Information shown Start Marker

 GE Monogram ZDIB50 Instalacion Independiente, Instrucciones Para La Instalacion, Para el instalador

Information shown End Marker
Information shown Start Marker

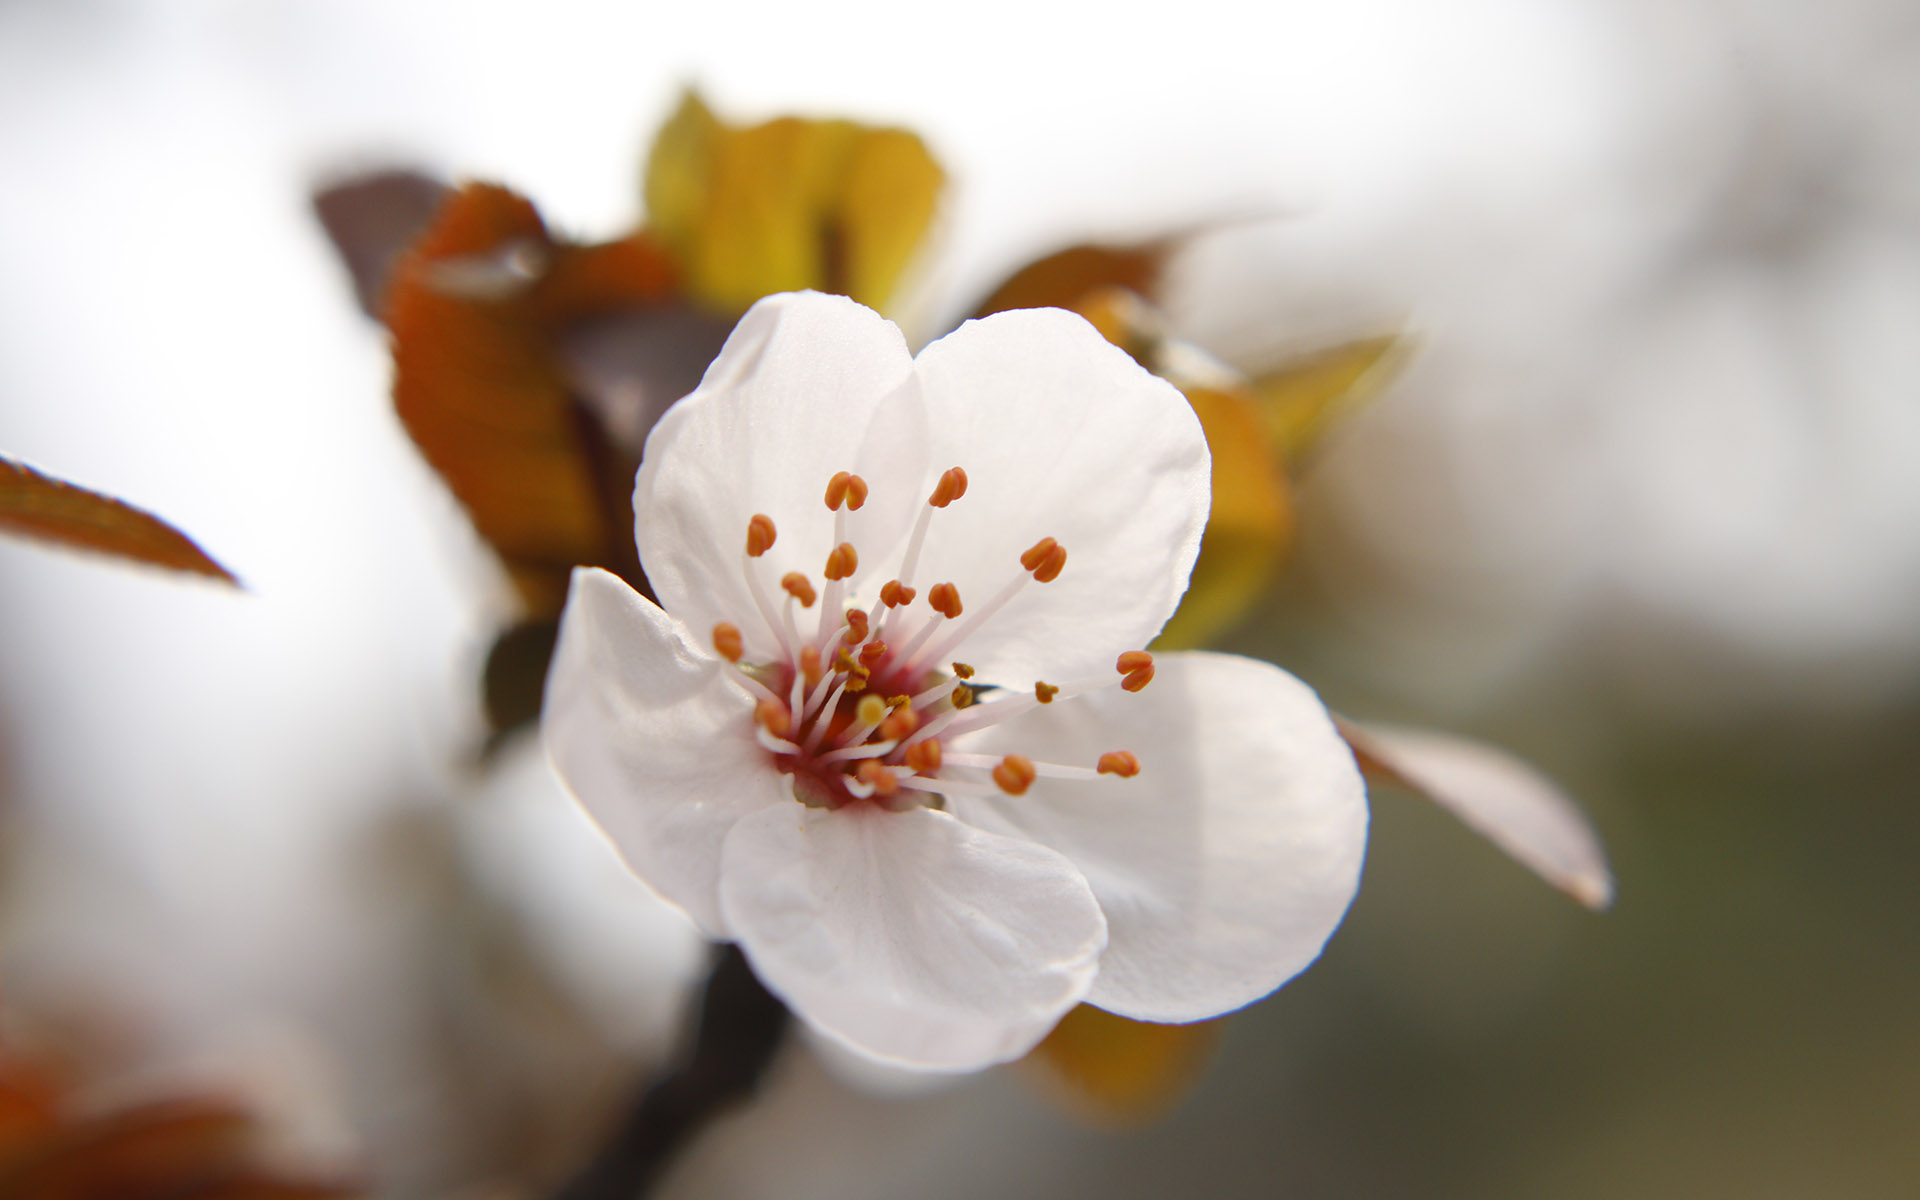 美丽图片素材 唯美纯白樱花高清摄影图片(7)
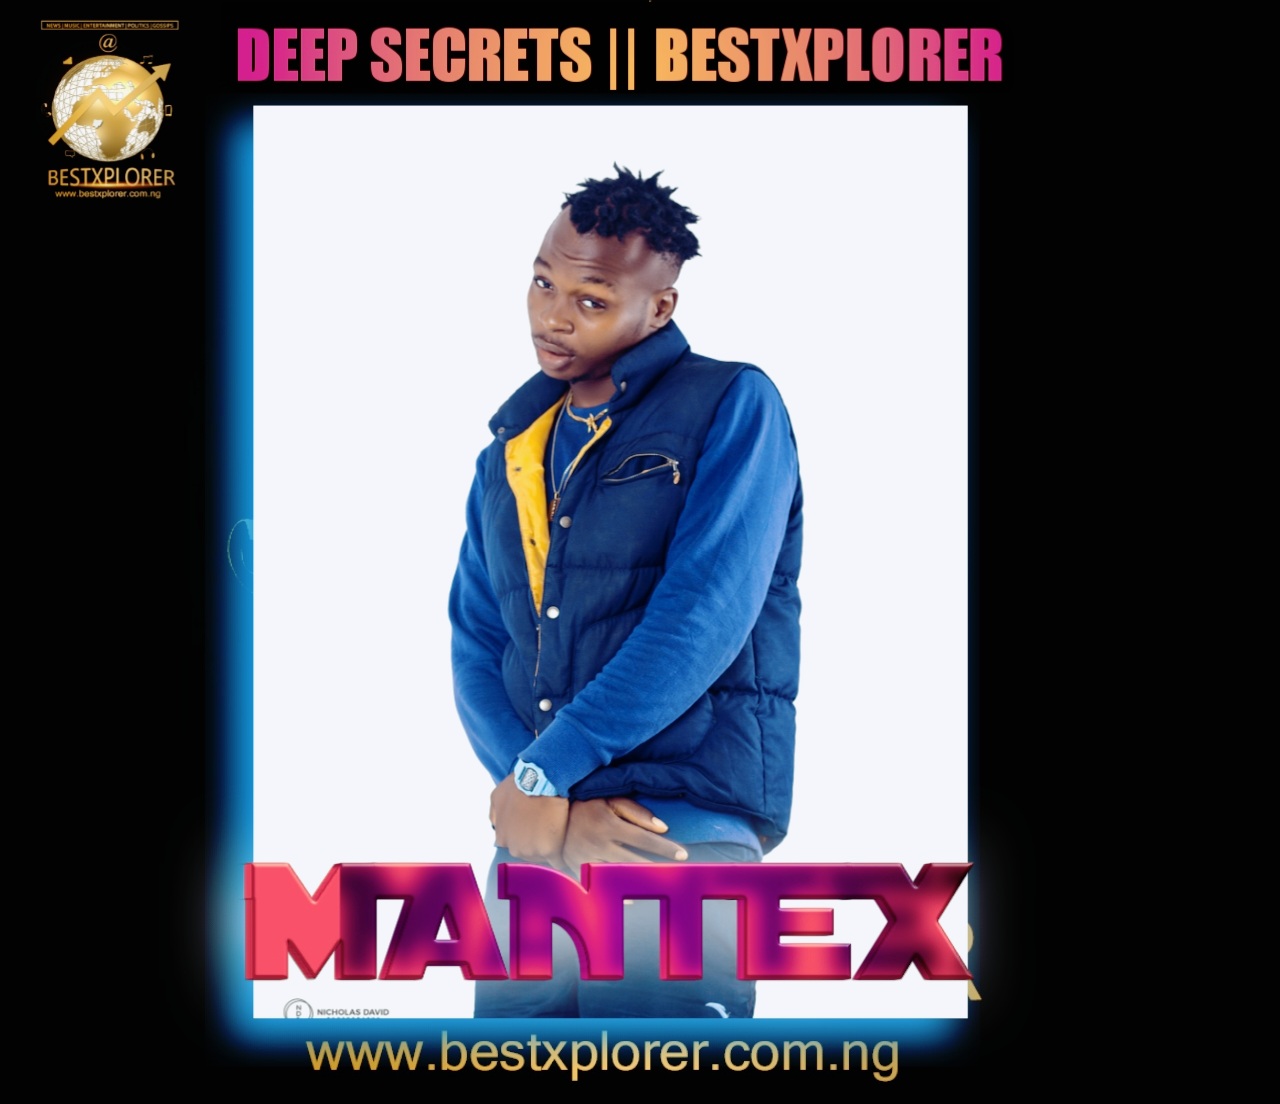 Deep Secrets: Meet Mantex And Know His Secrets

Information shown End Marker

- **Problem description**
What is needed is an exact copy of only the lines above from the one with "美丽图片素材 唯美纯白樱花高清摄影图片(7)" to the one with "Deep Secrets: Meet", both kept, with every picture left out.

- **Written answer**
 美丽图片素材 唯美纯白樱花高清摄影图片(7)
 Deep Secrets: Meet Mantex And Know His Secrets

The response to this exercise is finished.